Friday, June 24, 2022

We Must Remember

Picking up the last edition of Apple Daily a year ago

Today marks the one year anniversary that Apple Daily shut down.

I remember waking up relatively early, there was light rain and I raced out to the nearby Circle K convenience store to see if there were any copies of the last edition of Apple Daily.

Luckily there was a massive stack of papers and I grabbed six of them, relieved to be able to get them no problem.

Staff waving to readers, many are unemployed
I went to the office and my colleague was distraught that she was unable to get the paper. I reached into my bag and gave her a copy. She was so grateful.

Why? 

Because it is the last physical piece of democracy that we can hold in our hands. The paper represented free speech, free press, independence, brashness, creativity, resilience and determination.

The Apple Daily website does not exist, and its founder Jimmy Lai Chee-ying has been in jail for the past 18 months.

Six other executives have been held in pre-trial detention for 11 months.

Everyone at Apple Daily lost their jobs that day, and since then some other media organisations have shuttered, resulting in some 1,000 journalists out of work, or completely switching to other jobs like taxi driver or working at McDonald's.

Having worked at Apple Daily is either a badge of honour or a sign to be shunned.

Lai has been behind bars for 18 months
I still have that copy of the last edition of the paper even though I don't know what it means. But we need to preserve it to prove to ourselves that Apple Daily existed.
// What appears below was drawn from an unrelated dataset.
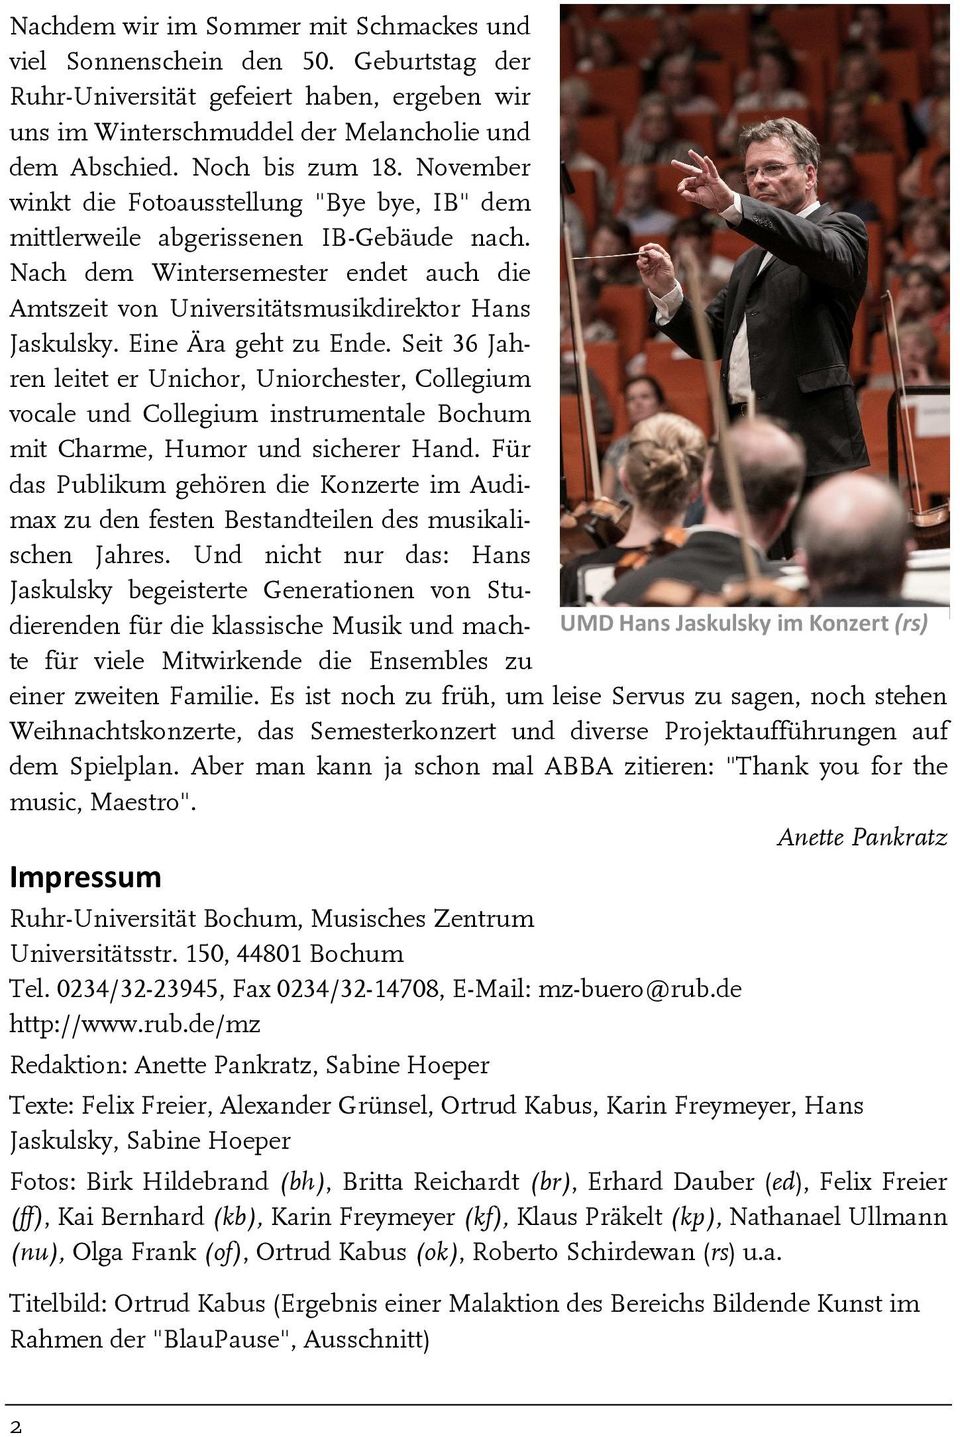 Eine Ära geht zu Ende. Seit 36 Jahren leitet er Unichor, Uniorchester, Collegium vocale und Collegium instrumentale Bochum mit Charme, Humor und sicherer Hand.

We have to tell ourselves that what we experienced, saw and read was real.

We have to do that because the government, and by extension Beijing is rewriting Hong Kong's history.

The authorities have scrubbed away anything in Hong Kong related to what happened in Tiananmen Square on June 4, 1989. For 30 consecutive years there was a massive candlelight vigil held at Victoria Park with tens of thousands of people attending, each holding a white candle in their hands as they sang songs, shouted slogans and heard speakers talk about their experiences that horrible day.

But now those vigils are no more. There are no more statues or murals commemorating the incident, nor can people even gather at Victoria Park anymore that day. It's as if the authorities are trying to re-program people into thinking June 4 is like any other day, but Hongkongers are hardwired to think otherwise after decades of annual ritual.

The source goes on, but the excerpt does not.